Harhash AA et al. aVR ST Segment Elevation: Acute STEMI or Not? Incidence of an Acute Coronary Occlusion.  American Journal of Medicine 132(5):622-630; May 2019.

Here is the abstract:

Identification of ST elevation myocardial infarction (STEMI) is critical because early reperfusion can save myocardium and increase survival. ST elevation (STE) in lead augmented vector right (aVR), coexistent with multilead ST depression, was endorsed as a sign of acute occlusion of the left main or proximal left anterior descending coronary artery in the 2013 STEMI guidelines. We investigated the incidence of an acutely occluded coronary in patients presenting with STE-aVR with multi-lead ST depression.

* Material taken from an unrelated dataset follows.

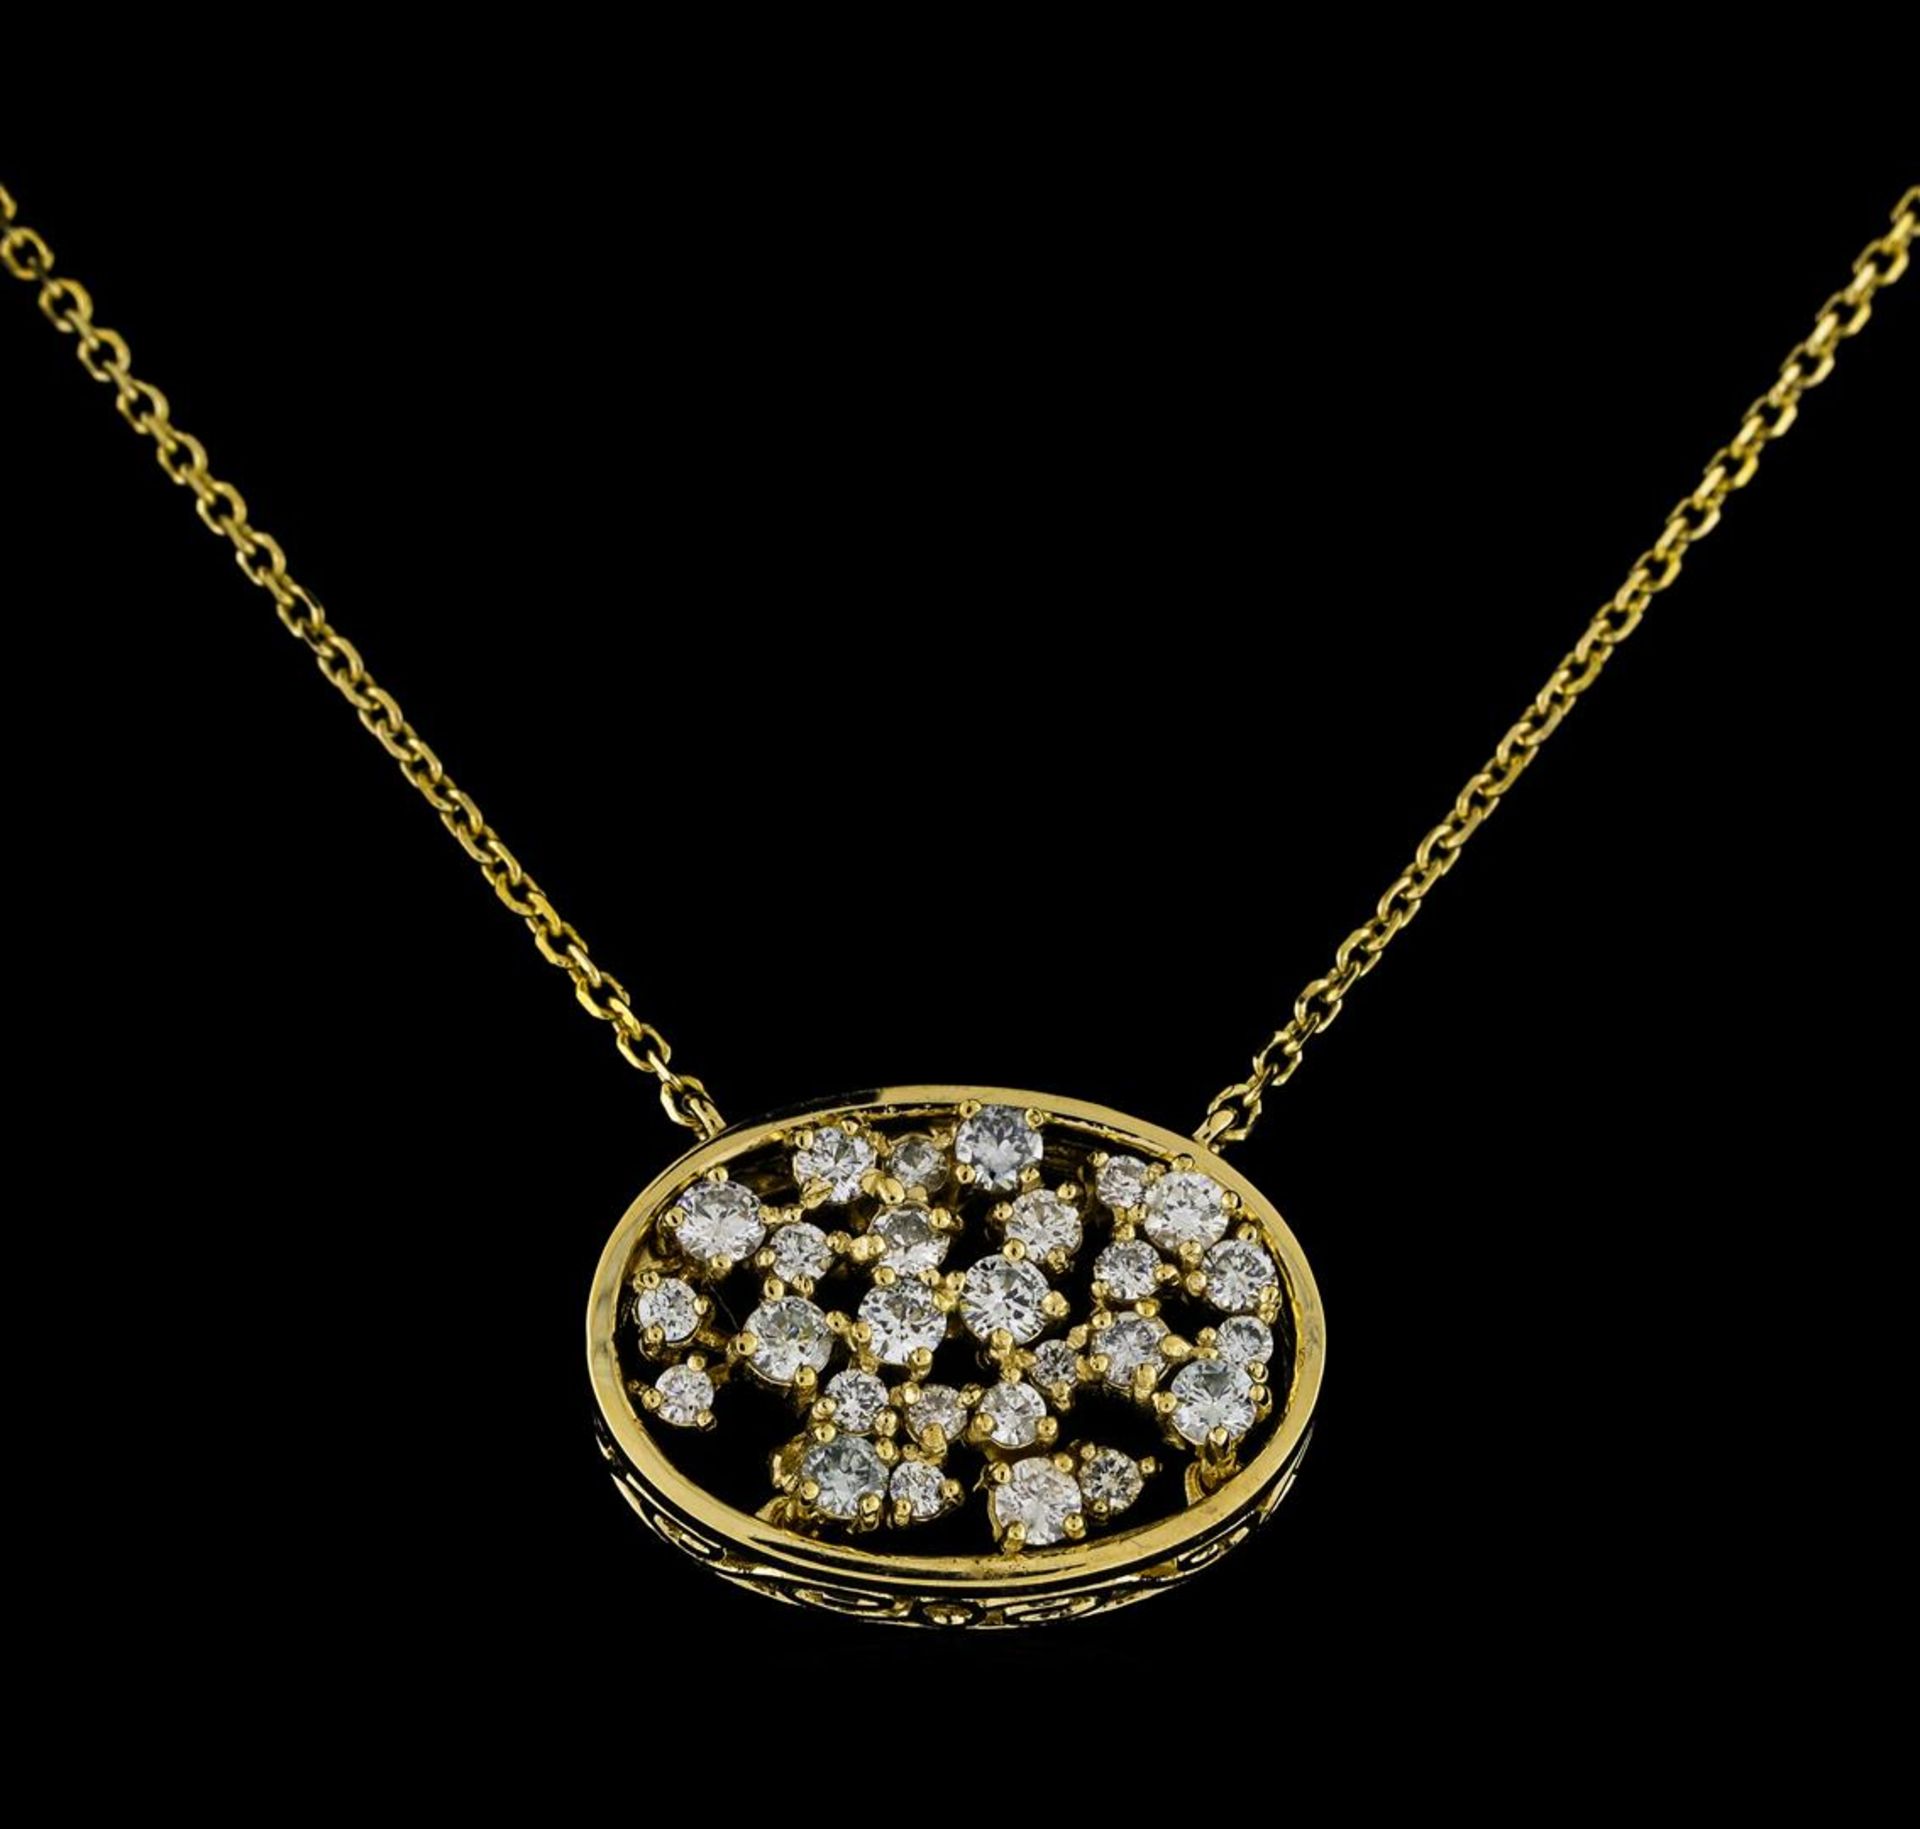 0.67 ctw Diamond Necklace - 14KT Yellow Gold - Image 2 of 2

STEMI activations between January 2014 and April 2018 at the University of Arizona Medical Center were identified. All electrocardiograms (ECGs) and coronary angiograms were blindly analyzed by experienced cardiologists. Among 847 STEMI activations, 99 patients (12%) were identified with STE-aVR with multi-lead ST depression.  
Smith comment: this is a very limited population, as it only includes those with STEMI activations.  There are likely many other patients with STE-aVR who did not get a STEMI activation as they were not suspected of having ACS.


Emergent angiography was performed in 80% (79/99) of patients. Thirty-six patients (36%) presented with cardiac arrest, and 78% (28/36) underwent emergent angiography. Coronary occlusion, thought to be culprit, was identified in only 8 patients (10%), and none of those lesions were left main or left anterior descending occlusions. A total of 47 patients (59%) were found to have severe coronary disease, but most had intact distal flow. Thirty-two patients (40%) had mild to moderate or no significant disease. However, STE-aVR with multilead ST depression was associated with 31% in-hospital mortality compared with only 6.2% in a subgroup of 190 patients with STEMI without STE-aVR (p less than 0.00001).  
CommentAgain, this does not include the many STE-aVR patients who were not activated, so even fewer would have ACS, and mortality in this group is much greater than in all STE-aVR patients.


STE-aVR with multilead ST depression was associated with acutely thrombotic coronary occlusion in only 10% of patients. Routine STEMI activation in STE-aVR for emergent revascularization is not warranted, although urgent, rather than emergent, catheterization appears to be important.